# Work required
Only the lines from the one that includes "Pastel Pink Bunting" through the last line below belong in the reply, copied exactly and without pictures.

# Recorded data
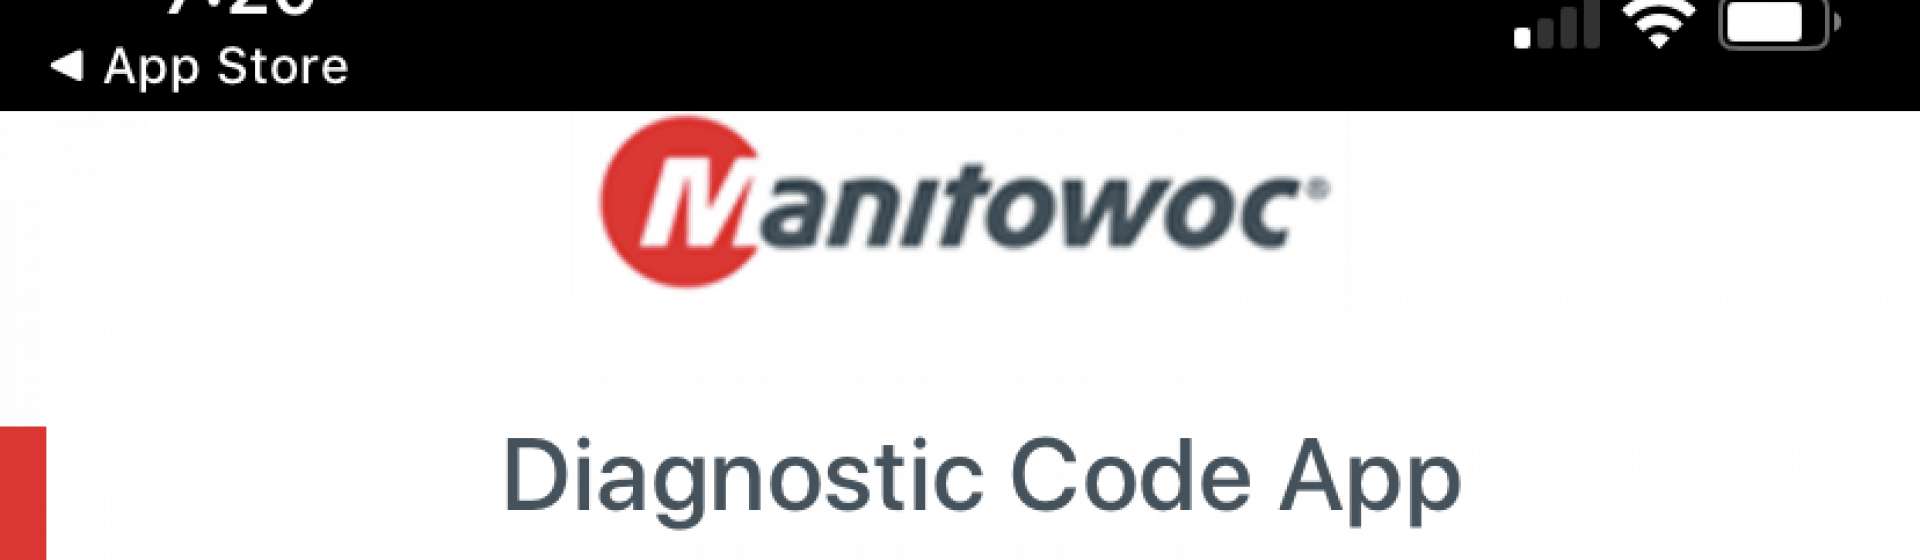 Manitowoc-updates-its-free-diagnostic-mobile-app-to-include-Potain-tower-cranes-releases-new-Bluetooth-enabled-pressure-test-kit-03.png
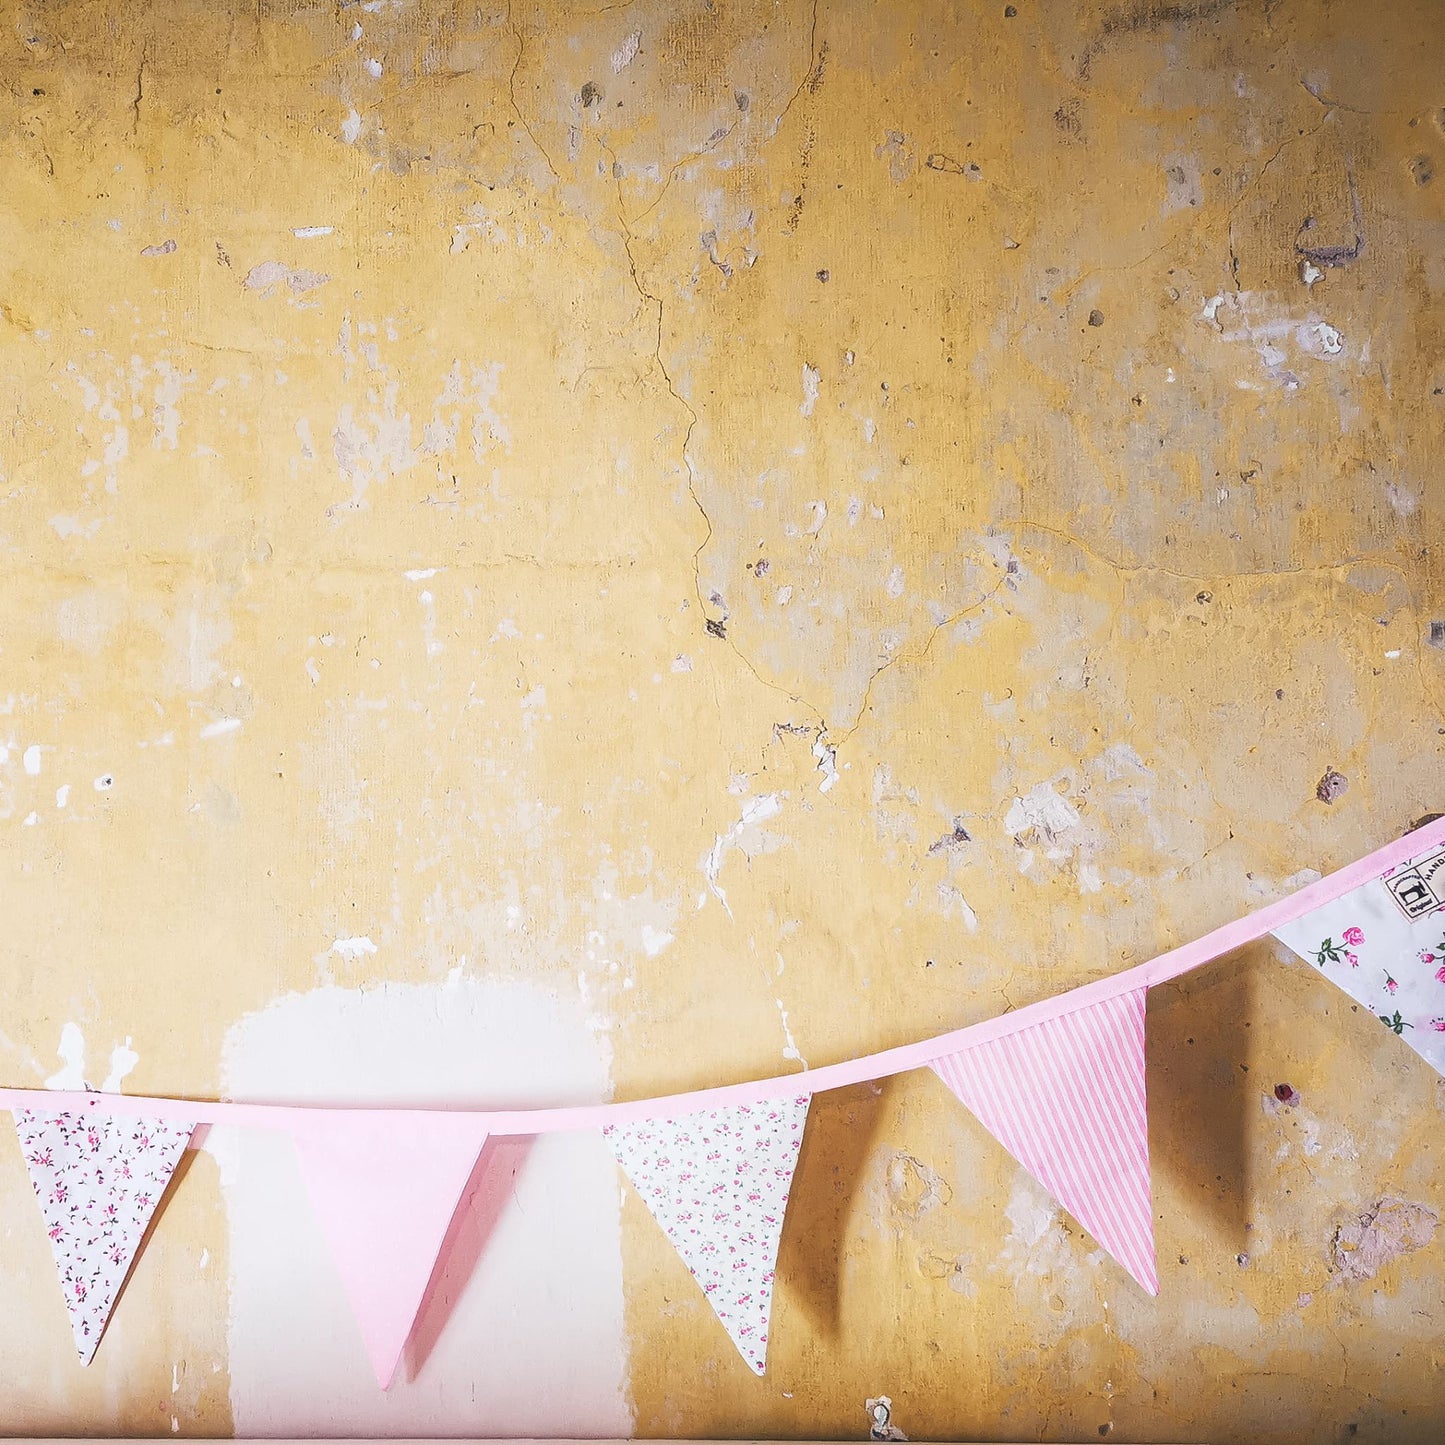 Pastel Pink Bunting Featuring dots, stripes and flowers 10 triangles on a 3m length - handmade in yorkshire by F&B - Bunting for birthdays, christenings, weddings and summer celebrations
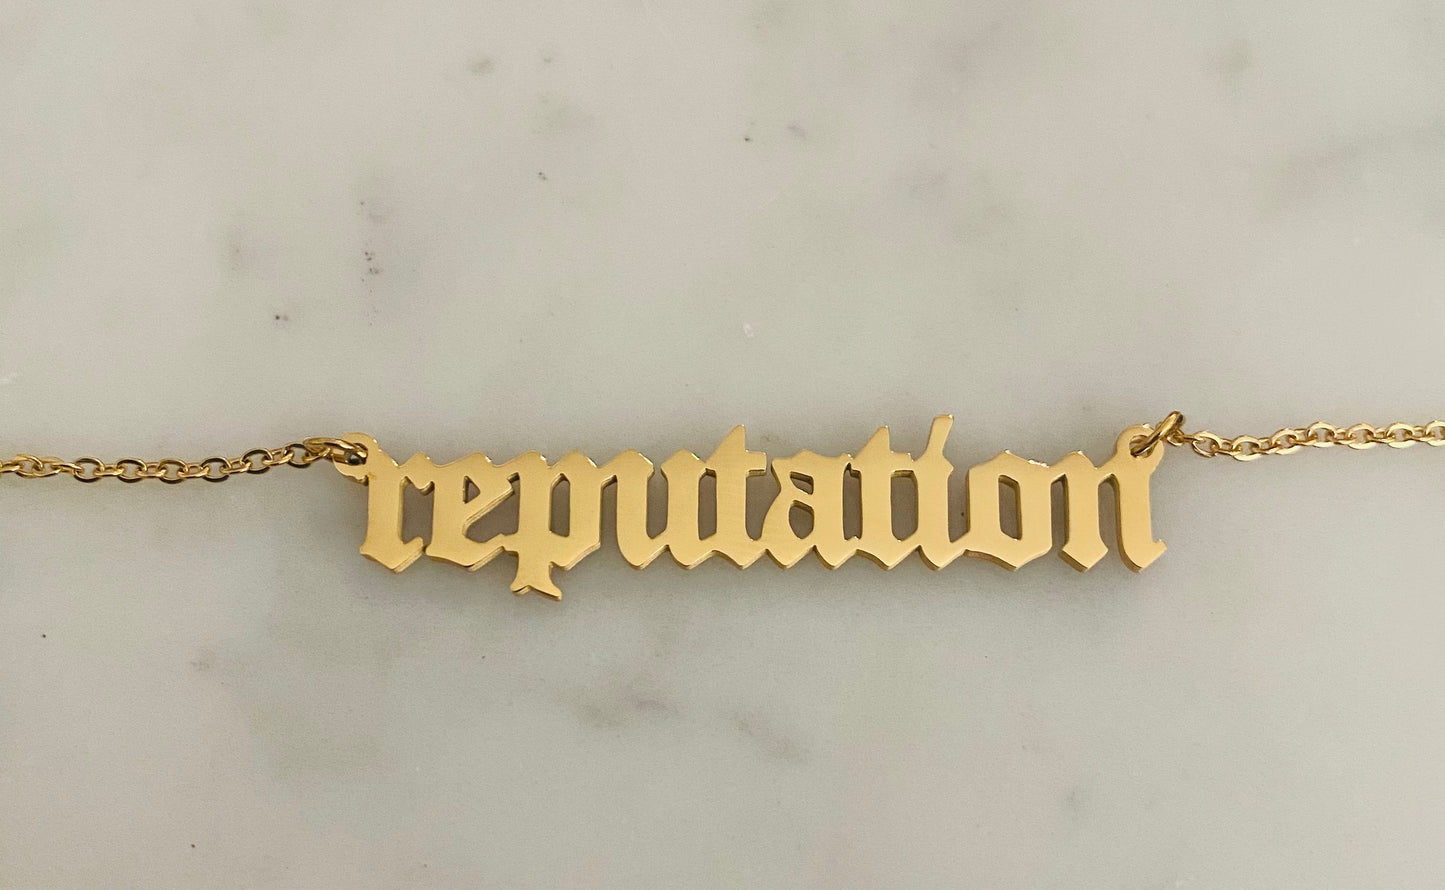 45 cm stainless steel reputation necklace
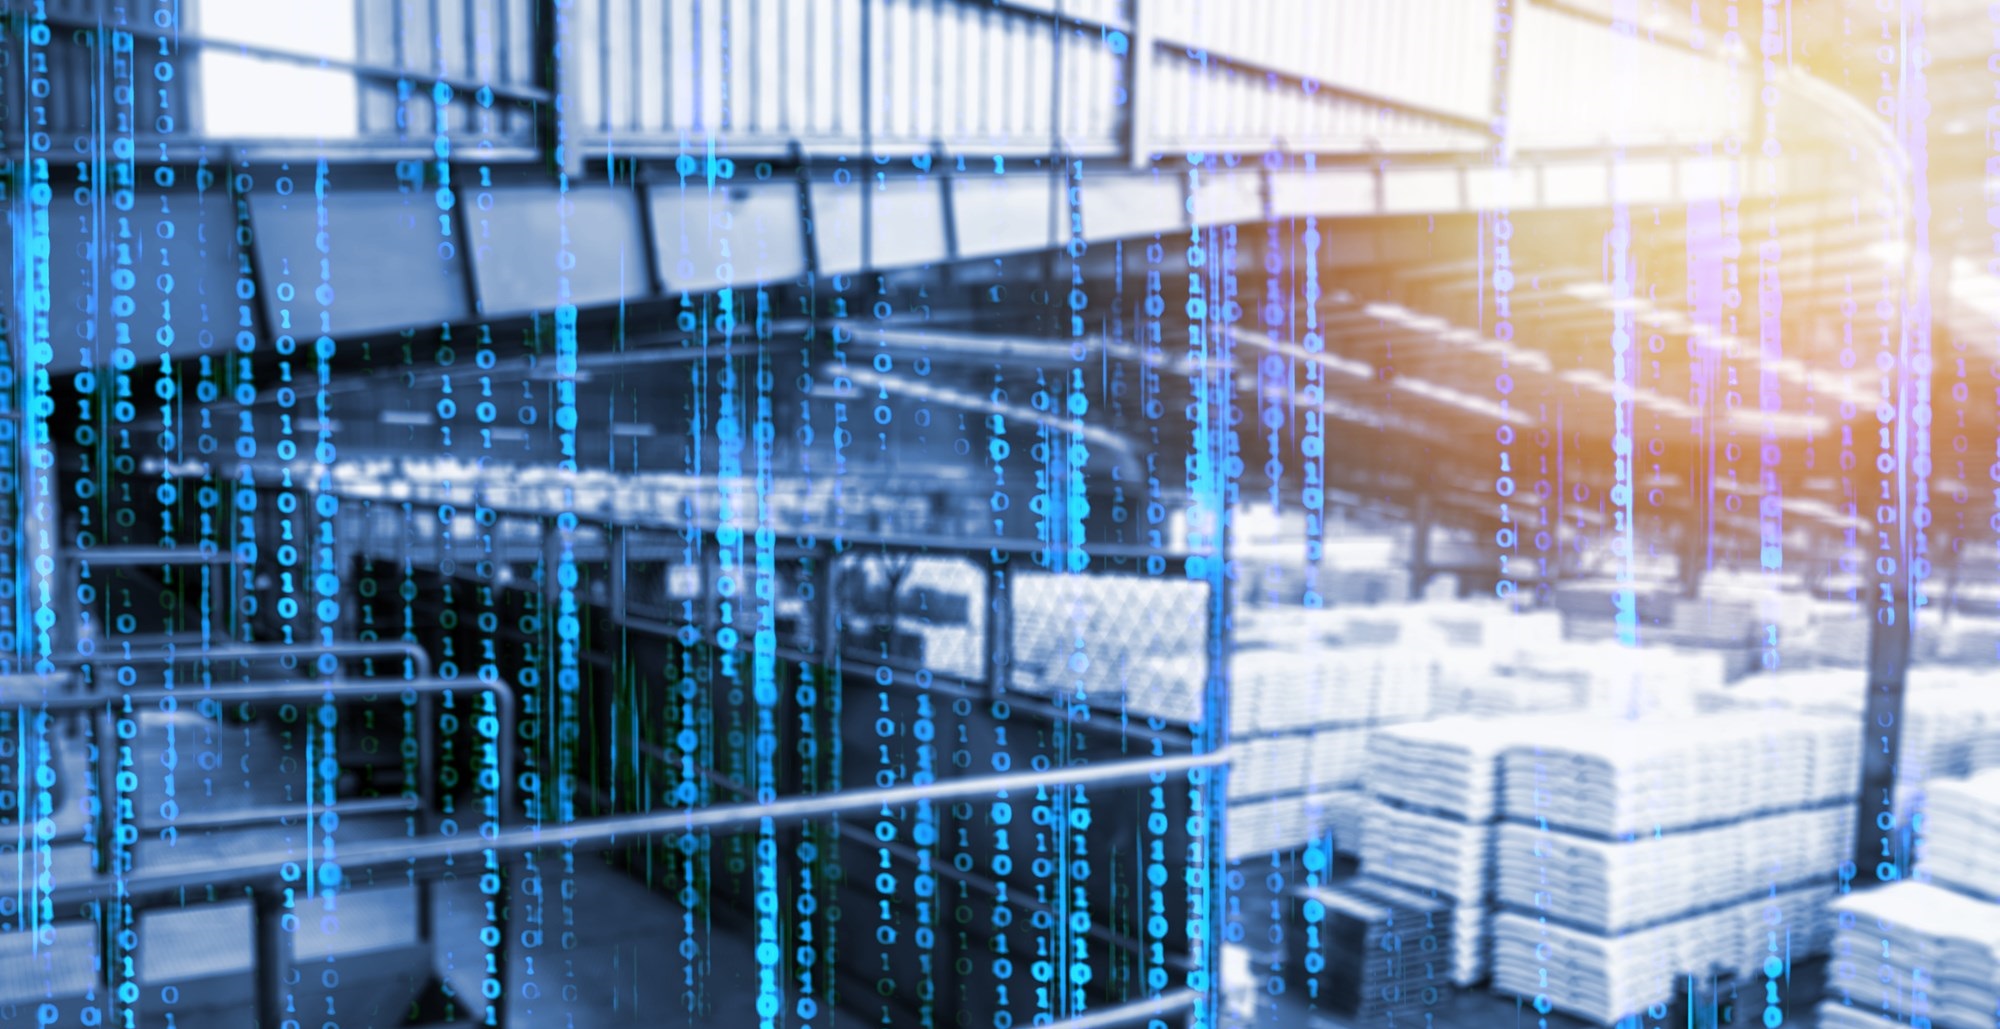  A Path to Increased Capacity at a New Industrial Supply Center - IoT ONE Case Study

# Written response
 Pastel Pink Bunting Featuring dots, stripes and flowers 10 triangles on a 3m length - handmade in yorkshire by F&B - Bunting for birthdays, christenings, weddings and summer celebrations
 45 cm stainless steel reputation necklace
  A Path to Increased Capacity at a New Industrial Supply Center - IoT ONE Case Study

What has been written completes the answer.